Wounded Star

Lying on a hospital bed as my lungs dry from screams. The gushing pain runs not just in my body but entirely in my heart. I look beside me, I saw couples’ excitements and I ask myself. Why am I the only one alone? I begged for cure as I also begged for Him.

 “Where’s my phone? Is he coming home?”

Thirsting that he’ll still appear from that very door. I died every single minute that had passed. My body’s numb with all the needles passing through my spine yet I still begged for cure… that he’ll be home but everything around me started to spin. I freeze as I became hopeless. My star is starting to lose her brightness. I’m losing her as I battle from losing myself. 

I hear voices of blames and panic outside those curtains. Guilty white coated people laced with fear. Looks like it turned out to be another failure. My expectations won’t ever happen. No I didn’t think this will happen. My dreams were crashed again. 

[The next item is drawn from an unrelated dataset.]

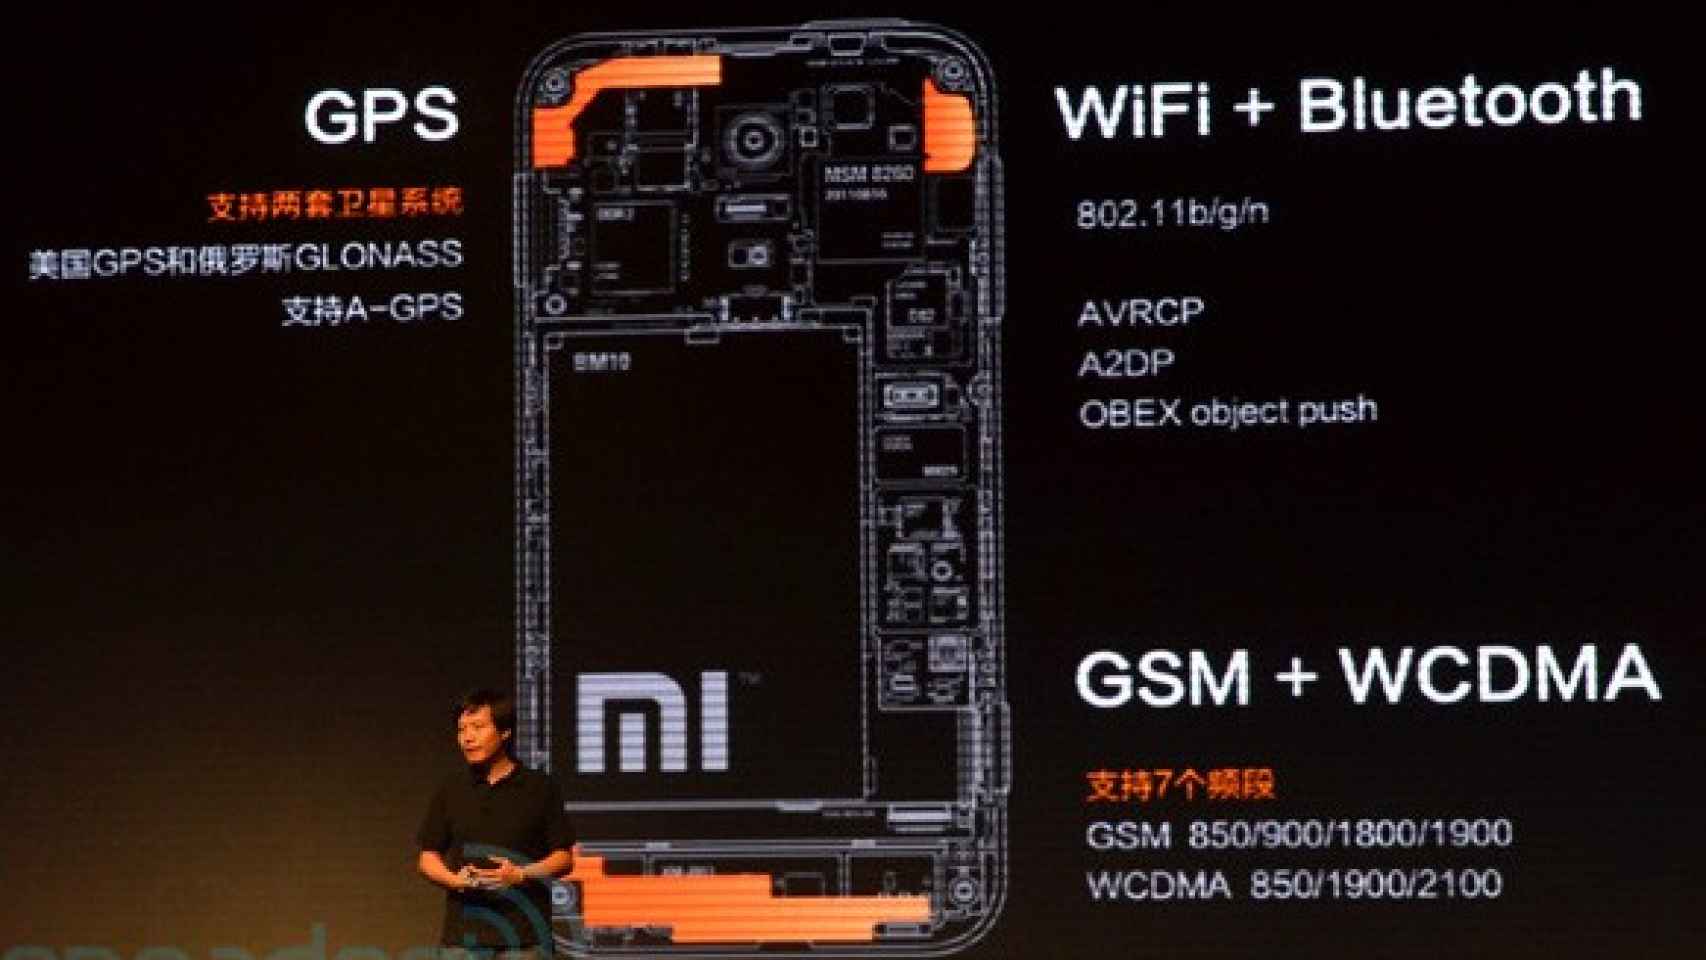 Este es el MIUI Phone: Xiaomi M1, un Dual core 1.5 Ghz por 310$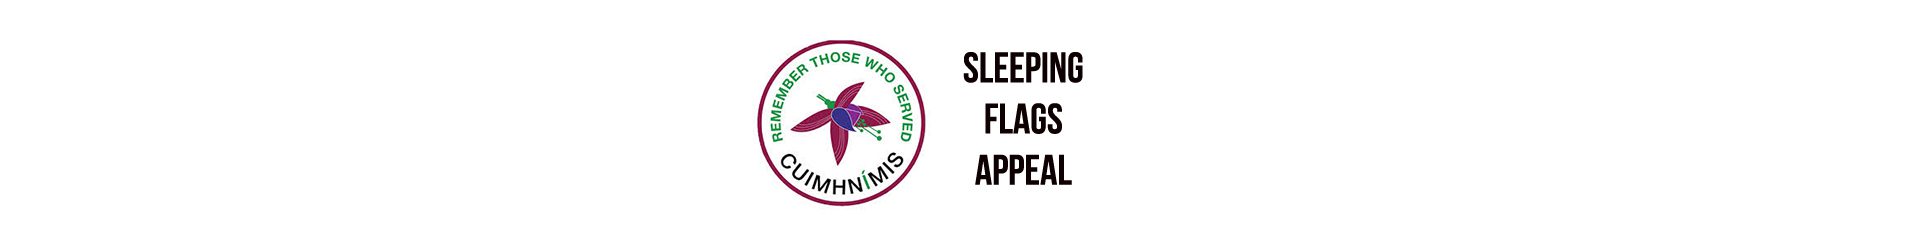 Sleeping Flags Appeal

It’s just me and my star now and I can’t afford to lose her even if it breaks my heart to do it without him. 

It’s like a theater stage from where I was. Blinding lights, all eyes on me. Another shot of numbness killed my body. Can’t feel anything. Its time to cut through and expose what’s beneath. My body’s trembling from the icy temperature and at a count of 3 I lost all of my senses. 

I was awaken by cries. A voice that just made me shed tears. Everything’s spinning yet my happiness is overflowing. With a concealed grip I welcome her in my arms. I’ve gained hope. I finally had reached my star with that skin so soft and a replica of the face I love the most.

Now here I sing my deadly lullaby. Thirsting for the tears we both cry for something to satisfy her life. We bled this night till drained this cold. For the last time my heart pumps this blood rush still.